===== Records provided =====

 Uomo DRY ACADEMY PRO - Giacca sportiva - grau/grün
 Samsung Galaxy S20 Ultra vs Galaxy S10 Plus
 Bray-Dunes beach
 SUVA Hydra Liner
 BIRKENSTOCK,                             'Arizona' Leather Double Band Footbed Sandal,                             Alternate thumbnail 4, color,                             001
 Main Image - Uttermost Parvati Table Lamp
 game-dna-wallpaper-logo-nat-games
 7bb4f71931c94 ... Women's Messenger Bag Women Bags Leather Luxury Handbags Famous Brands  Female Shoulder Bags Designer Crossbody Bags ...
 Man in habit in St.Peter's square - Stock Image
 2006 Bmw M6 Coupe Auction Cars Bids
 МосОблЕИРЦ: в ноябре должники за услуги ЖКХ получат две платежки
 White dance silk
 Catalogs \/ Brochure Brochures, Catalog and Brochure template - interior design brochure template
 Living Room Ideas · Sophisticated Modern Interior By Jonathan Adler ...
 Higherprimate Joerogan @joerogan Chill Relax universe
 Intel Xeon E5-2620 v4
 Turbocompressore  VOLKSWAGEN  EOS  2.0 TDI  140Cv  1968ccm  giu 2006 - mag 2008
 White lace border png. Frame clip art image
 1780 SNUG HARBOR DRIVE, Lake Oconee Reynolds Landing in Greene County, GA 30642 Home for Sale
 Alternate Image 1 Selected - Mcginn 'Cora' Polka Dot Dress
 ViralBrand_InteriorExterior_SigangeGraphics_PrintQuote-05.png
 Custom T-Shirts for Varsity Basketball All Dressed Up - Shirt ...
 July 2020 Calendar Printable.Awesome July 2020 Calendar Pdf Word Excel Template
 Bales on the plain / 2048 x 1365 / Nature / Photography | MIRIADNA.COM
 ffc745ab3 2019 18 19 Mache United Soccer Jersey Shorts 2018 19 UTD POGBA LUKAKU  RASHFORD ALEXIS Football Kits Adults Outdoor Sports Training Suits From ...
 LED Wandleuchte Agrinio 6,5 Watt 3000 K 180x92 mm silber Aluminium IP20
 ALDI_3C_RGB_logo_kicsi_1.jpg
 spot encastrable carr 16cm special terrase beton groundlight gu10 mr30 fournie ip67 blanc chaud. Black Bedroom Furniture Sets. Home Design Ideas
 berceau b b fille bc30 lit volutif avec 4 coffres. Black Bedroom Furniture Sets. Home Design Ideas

=====

**Requirement**.
Give the records above again, word for word.

**Answer to the exercise**.
 Uomo DRY ACADEMY PRO - Giacca sportiva - grau/grün
 Samsung Galaxy S20 Ultra vs Galaxy S10 Plus
 Bray-Dunes beach
 SUVA Hydra Liner
 BIRKENSTOCK,                             'Arizona' Leather Double Band Footbed Sandal,                             Alternate thumbnail 4, color,                             001
 Main Image - Uttermost Parvati Table Lamp
 game-dna-wallpaper-logo-nat-games
 7bb4f71931c94 ... Women's Messenger Bag Women Bags Leather Luxury Handbags Famous Brands  Female Shoulder Bags Designer Crossbody Bags ...
 Man in habit in St.Peter's square - Stock Image
 2006 Bmw M6 Coupe Auction Cars Bids
 МосОблЕИРЦ: в ноябре должники за услуги ЖКХ получат две платежки
 White dance silk
 Catalogs \/ Brochure Brochures, Catalog and Brochure template - interior design brochure template
 Living Room Ideas · Sophisticated Modern Interior By Jonathan Adler ...
 Higherprimate Joerogan @joerogan Chill Relax universe
 Intel Xeon E5-2620 v4
 Turbocompressore  VOLKSWAGEN  EOS  2.0 TDI  140Cv  1968ccm  giu 2006 - mag 2008
 White lace border png. Frame clip art image
 1780 SNUG HARBOR DRIVE, Lake Oconee Reynolds Landing in Greene County, GA 30642 Home for Sale
 Alternate Image 1 Selected - Mcginn 'Cora' Polka Dot Dress
 ViralBrand_InteriorExterior_SigangeGraphics_PrintQuote-05.png
 Custom T-Shirts for Varsity Basketball All Dressed Up - Shirt ...
 July 2020 Calendar Printable.Awesome July 2020 Calendar Pdf Word Excel Template
 Bales on the plain / 2048 x 1365 / Nature / Photography | MIRIADNA.COM
 ffc745ab3 2019 18 19 Mache United Soccer Jersey Shorts 2018 19 UTD POGBA LUKAKU  RASHFORD ALEXIS Football Kits Adults Outdoor Sports Training Suits From ...
 LED Wandleuchte Agrinio 6,5 Watt 3000 K 180x92 mm silber Aluminium IP20
 ALDI_3C_RGB_logo_kicsi_1.jpg
 spot encastrable carr 16cm special terrase beton groundlight gu10 mr30 fournie ip67 blanc chaud. Black Bedroom Furniture Sets. Home Design Ideas
 berceau b b fille bc30 lit volutif avec 4 coffres. Black Bedroom Furniture Sets. Home Design Ideas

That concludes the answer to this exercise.